Pages: 1 2
Larrabee 1 Defers Graphics, Bins Rendering
Several years ago, Intel saw the coming convergence of latency optimized processors (i.e. CPUs) and throughput optimized processors (i.e. GPUs) and embarked down the path of developing their own high performance discrete GPU – codenamed Larrabee. Larrabee’s architecture has been disclosed previously at both Hot Chips and Intel’s Developer Forum; it uses a two-issue in-order x86 core, reminiscent of the P54C, with one pipeline dedicated for a 512-bit wide vector unit that executes the new Larrabee instructions. A group of 16 cores sits on a coherent ring bus, and multiple ring busses may be used for higher core counts (32 cores for the first implementation – Larrabee 1). Unlike GPUs from ATI and Nvidia, Larrabee (the architecture) is fully cache coherent, supports the basic x86 instruction set and has no dedicated hardware for rasterization, instead using a software layer that is part of the driver.
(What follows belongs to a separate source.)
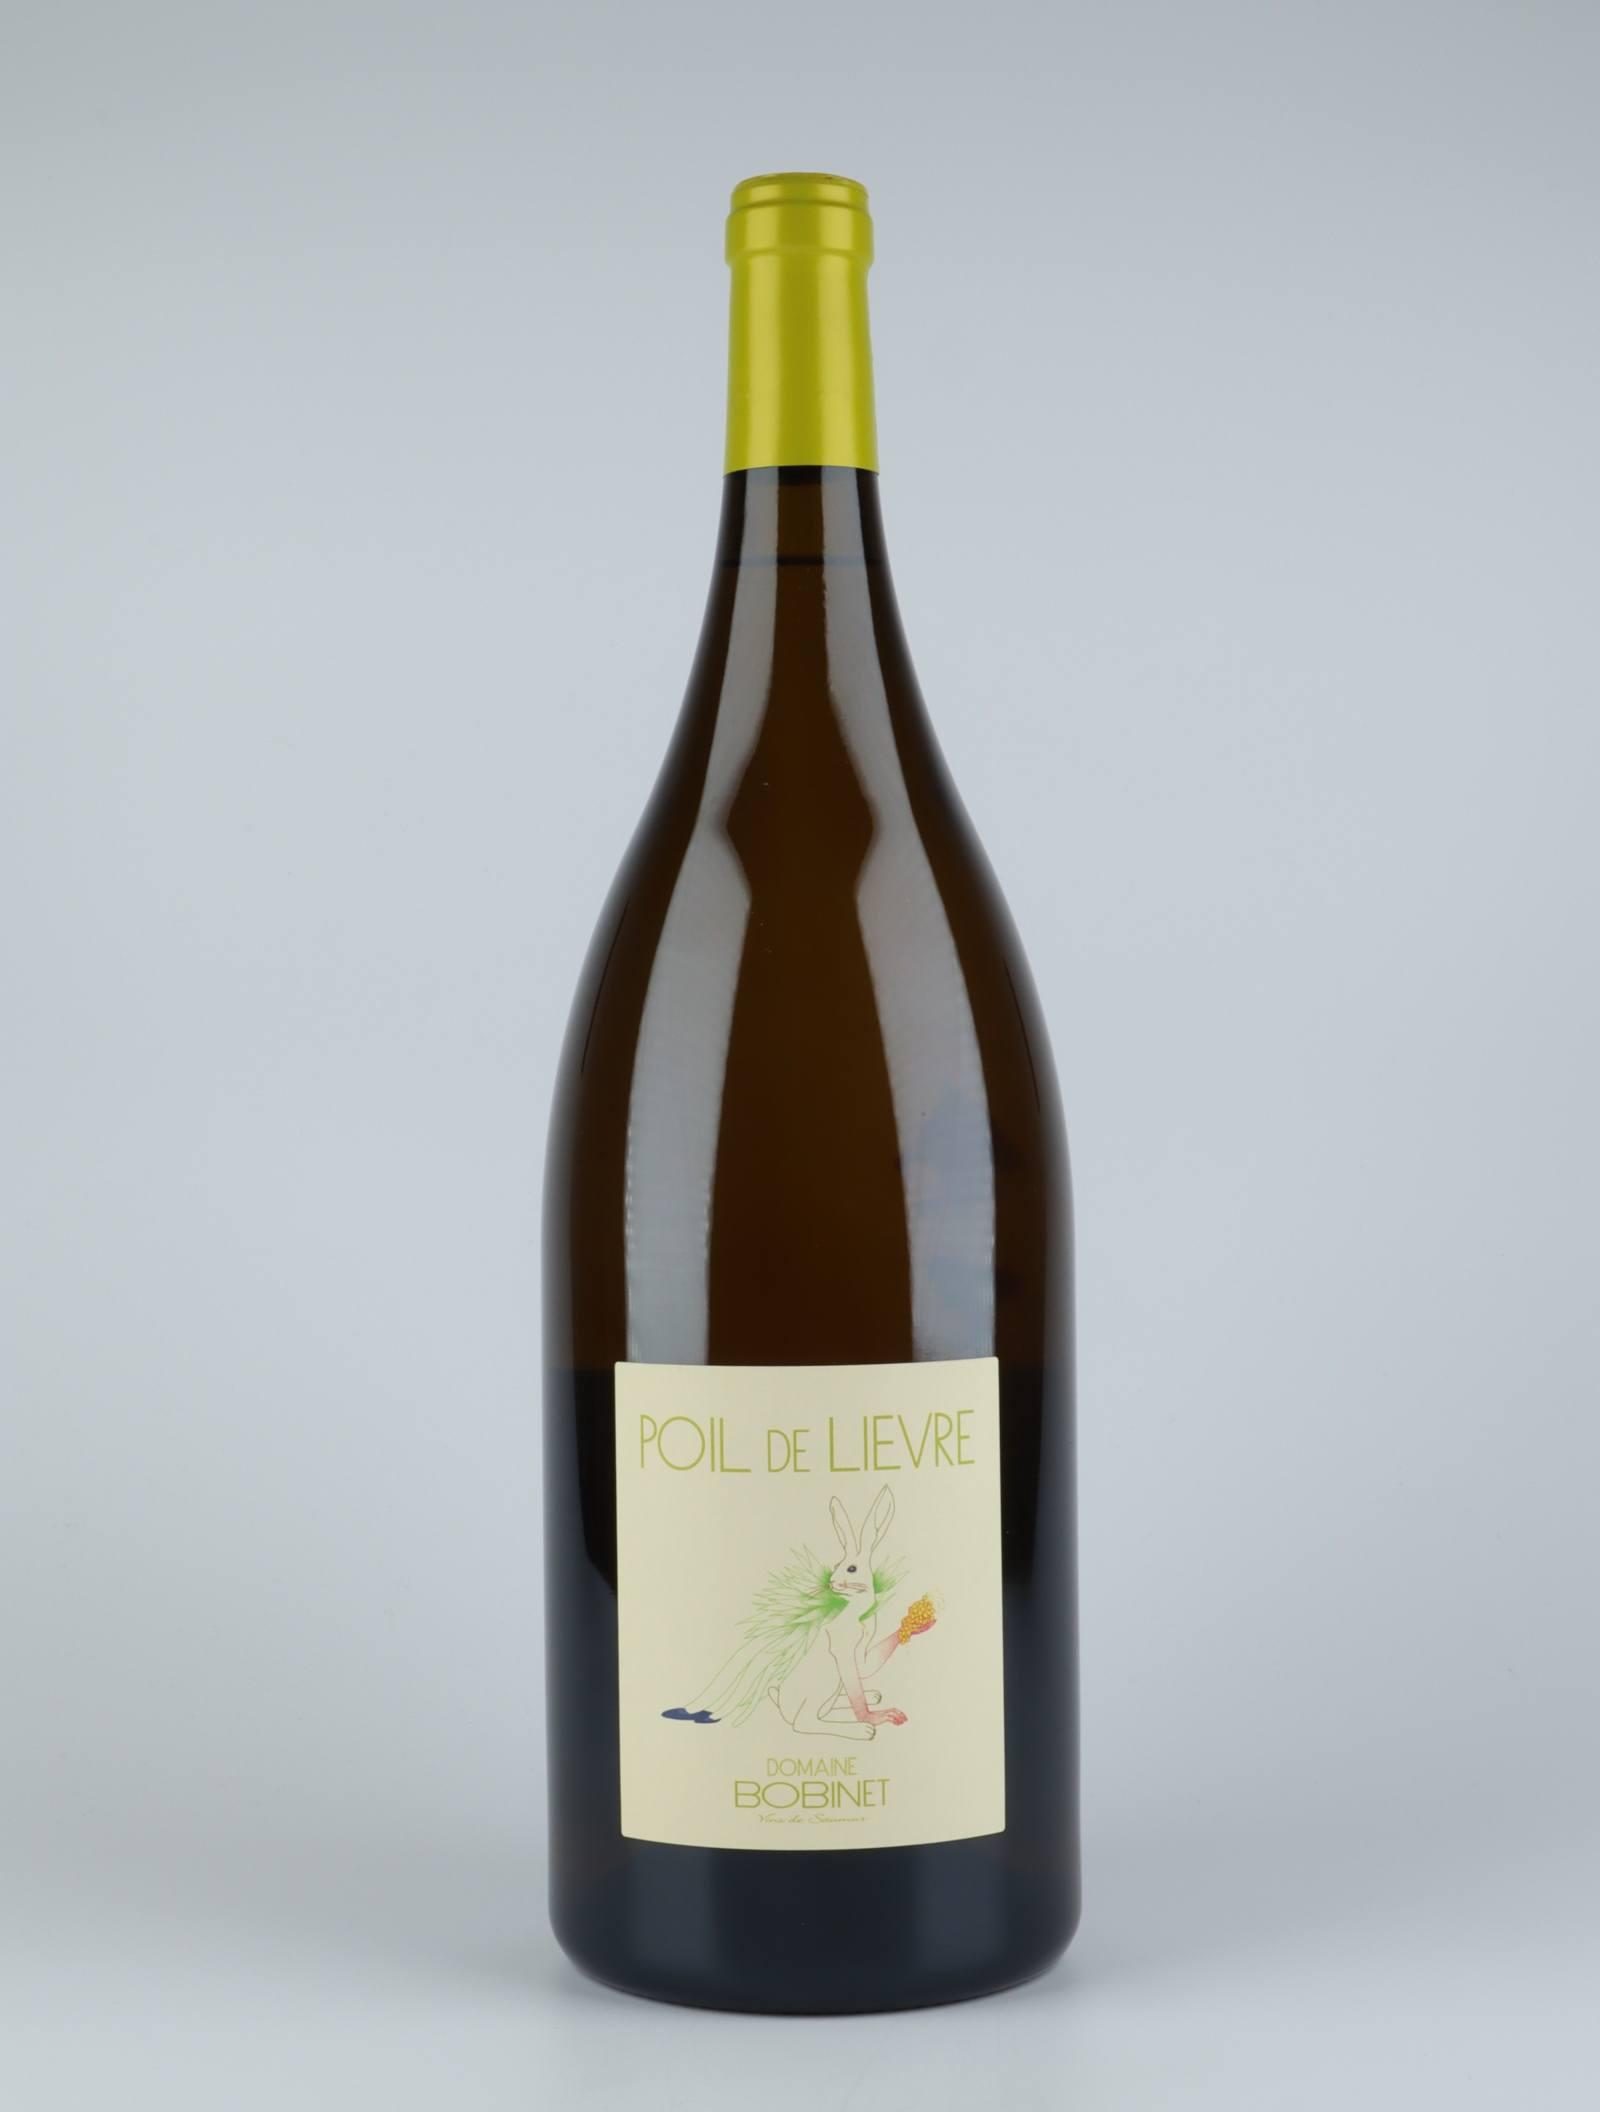 Saumur Blanc - Poil de Lievre

The first generation of Larrabee was to be manufactured on Intel’s 45nm high performance process and productized as a high-end discrete graphics card. We have recently learned that the graphics products based on Larrabee 1 have been cancelled. The first generation will instead be used as a software development vehicle for ISVs and the high performance computing (HPC) community. Intel has not laid off any staff and is continuing development for the Larrabee architecture and product families – although those plans will not be discussed till next year.
Reading between the lines, the rationale for canceling graphics cards based on Larrabee 1 is primarily performance, time to market and the competition. Intel will not enter a new market with an uncompetitive product. To be competitive in graphics, the performance for the combined hardware and software stack would need to be in-line with contemporary ATI and Nvidia discrete GPUs. The time to market plays a big role by determining what the contemporary GPUs from Nvidia and ATI will be – delays are quite an issue. Moore’s Law says you get about twice the area every 18 months due to a process shrink, and for GPUs, that translates directly into performance. Conceptually, every month of delays is equivalent to losing 3.9% performance.
A Soft and Complex Problem
Larrabee had quite a few challenges – I’ve said for a while that if they were able to hit within 20-30% of the performance of Nvidia or ATI, it would have been a tremendous accomplishment. It was Intel’s first high performance GPU in a long time, and Intel did not have the same degree of homegrown talent in graphics that Nvidia or ATI do. Finding that talent is not impossible, but it does not happen overnight and it not easy to get a new design team executing at 100%. The hardware is cache coherent and at a scale that Intel has not attempted before – 32 cores, when the largest product from Intel is the 8 core Nehalem EX. Last, the software stack is incredibly complex – and since Larrabee does not have dedicated hardware for rasterization, the drivers are even more important than for ATI or Nvidia. Unlike the existing players, Intel does not have a decade of experience developing high performance drivers for DirectX and OpenGL.
By all reports, the hardware for Larrabee 1 is in relatively good shape – especially for the first generation of a new architecture. The graphics drivers and software stack is likely to be the limiting factor that lead to the cancellation of Larrabee 1 graphics products. Larrabee 1 hardware had been delayed a bit, and hardware delays on a new architecture always translated into delays for software – in this case the delays for the software were larger than for the hardware. Factoring in the delays and performance for the graphics drivers, Larrabee 1 was just not competitive with the graphics offerings from ATI and Nvidia. This would have meant low prices on a huge chip, an undesirable combination for sure.
Another factor that suggests difficulties on the software side is the fact that Intel will be releasing Larrabee 1 as a development vehicle for the HPC community, which does not need a graphics driver or software rasterizer. HPC applications obviously need compilers, performance tuning utilities and so forth, but those are much simpler to develop and can leverage Intel’s existing software resources (e.g. ICC and VTune).